Top of Supplied information
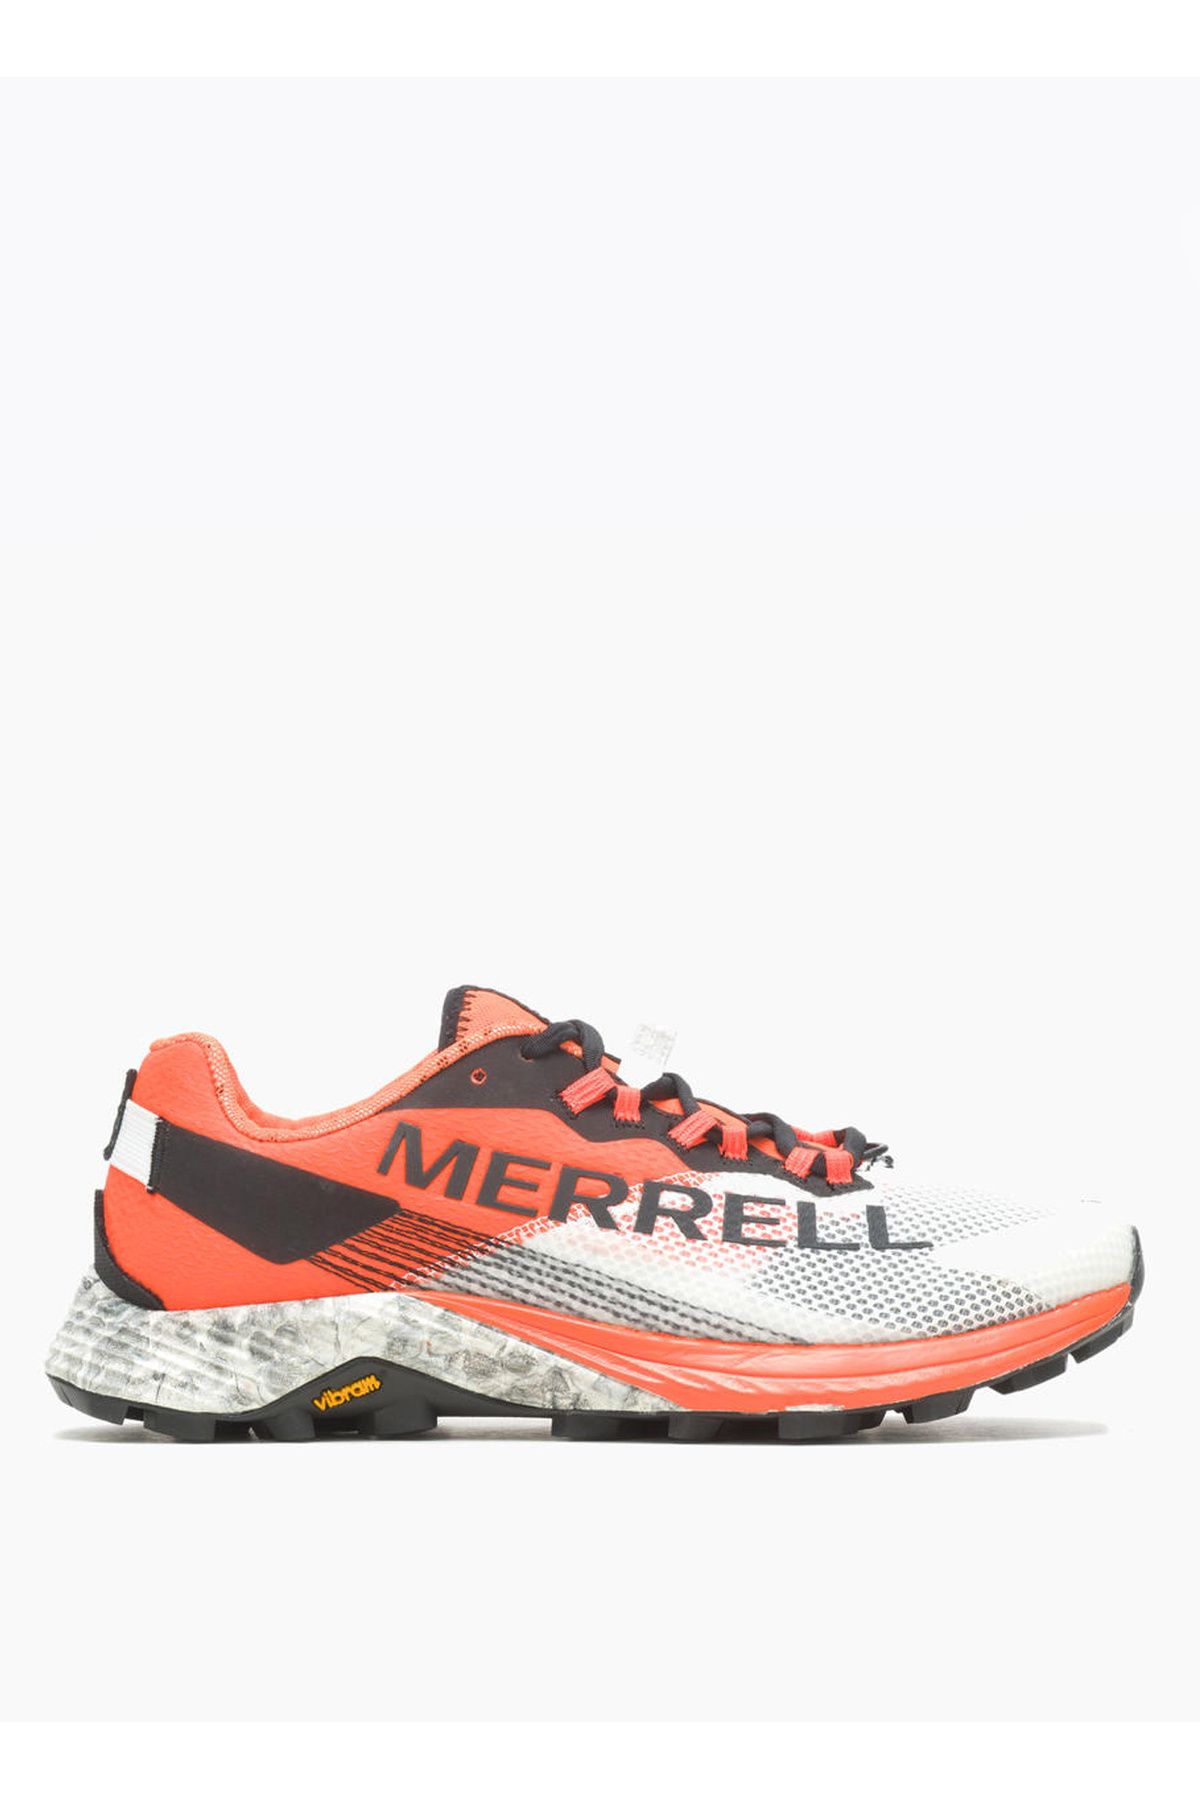 Merrell Beyaz Kadın Koşu Ayakkabısı J067690Mtl Long Sky 2
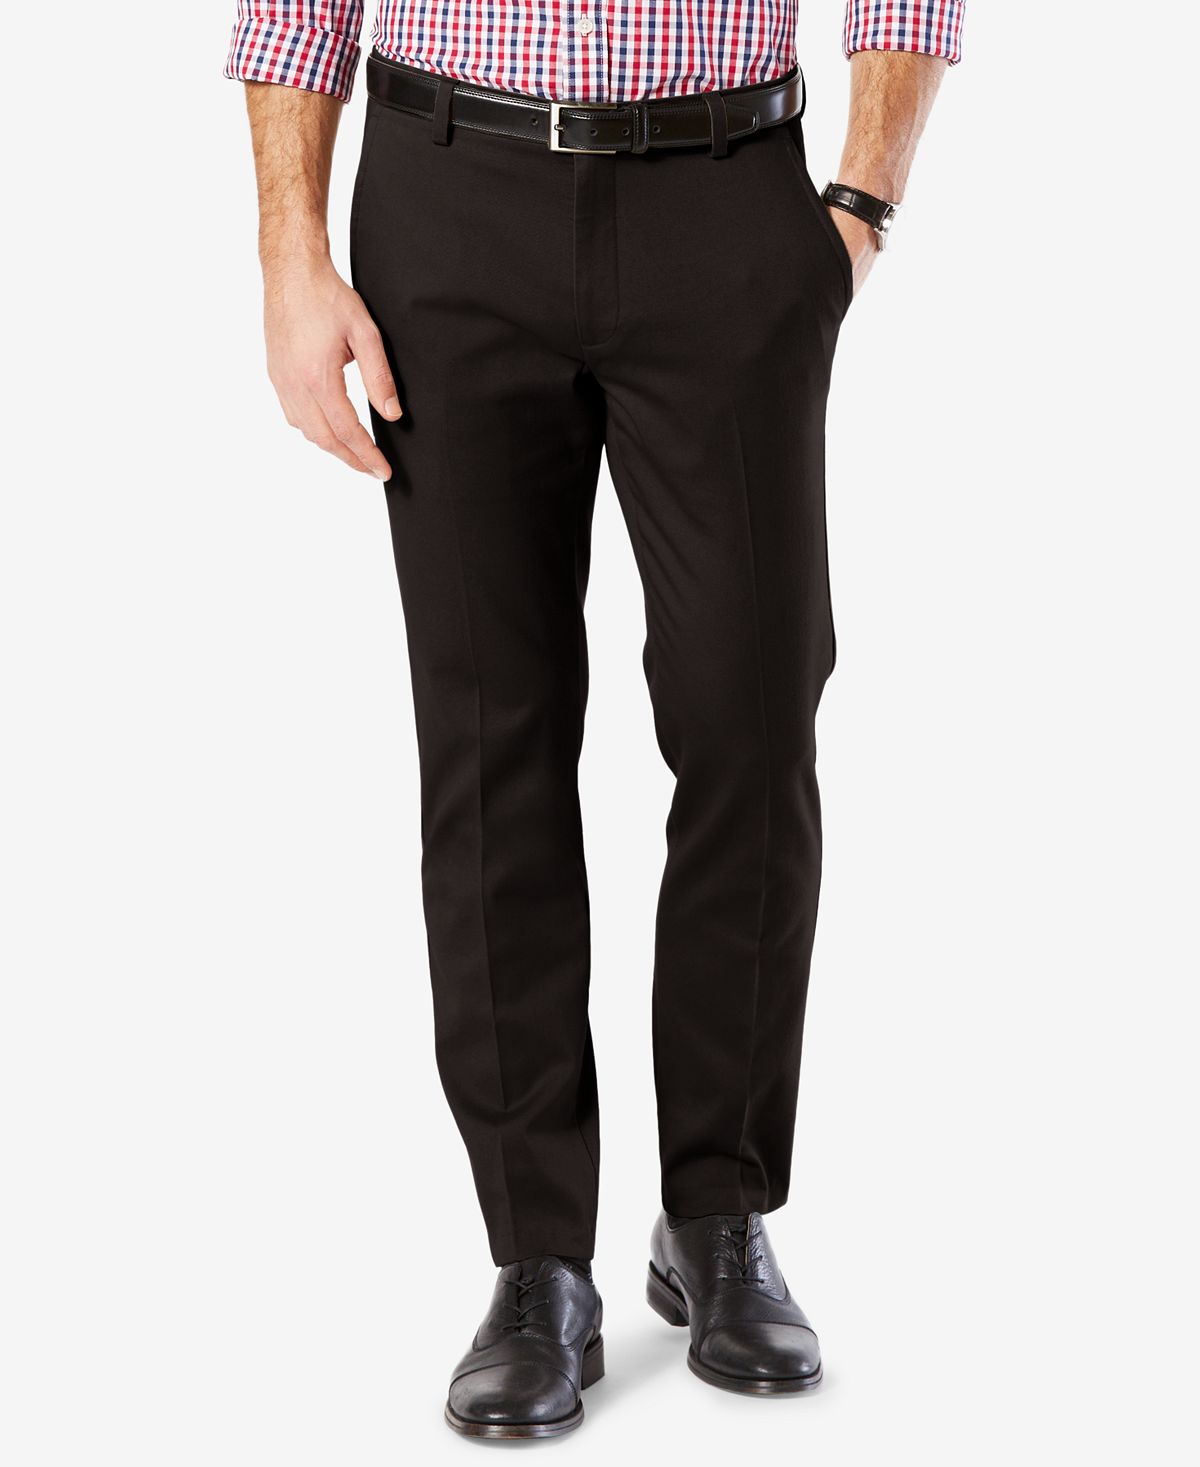 Мужские брюки easy slim fit цвета хаки стрейч Dockers, черный
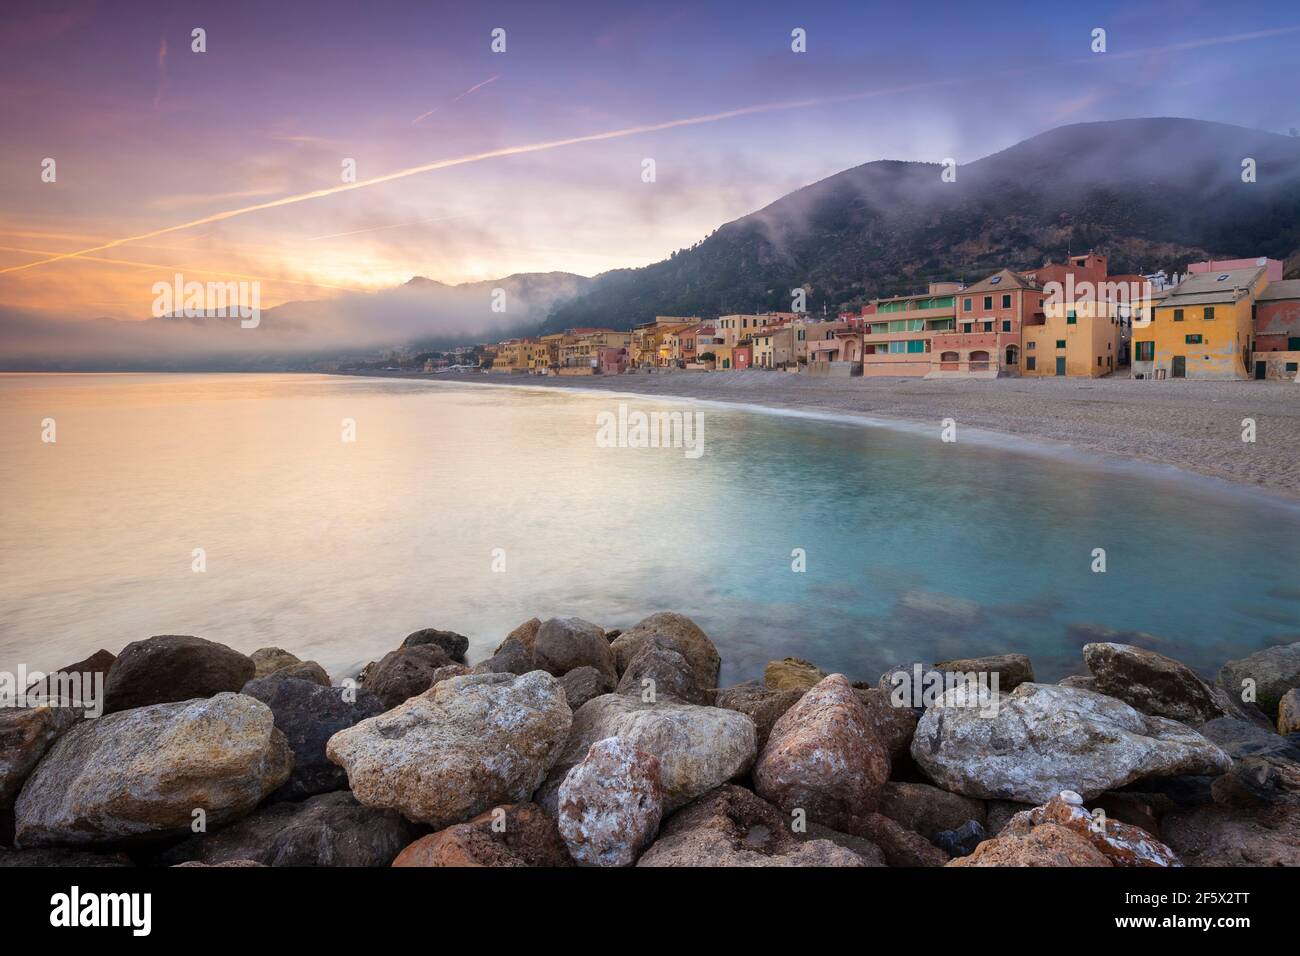 Tramonto sulle case colorate e sulla spiaggia di Varigotti, finale Ligure, Savona, Ponente Riviera, Liguria, Italia. Foto Stock
Bottom of Supplied information
» **Requirement**
An exact transcript of the listing is needed, free of pictures.

» **Solved exercise**
 Merrell Beyaz Kadın Koşu Ayakkabısı J067690Mtl Long Sky 2
 Мужские брюки easy slim fit цвета хаки стрейч Dockers, черный
 Tramonto sulle case colorate e sulla spiaggia di Varigotti, finale Ligure, Savona, Ponente Riviera, Liguria, Italia. Foto Stock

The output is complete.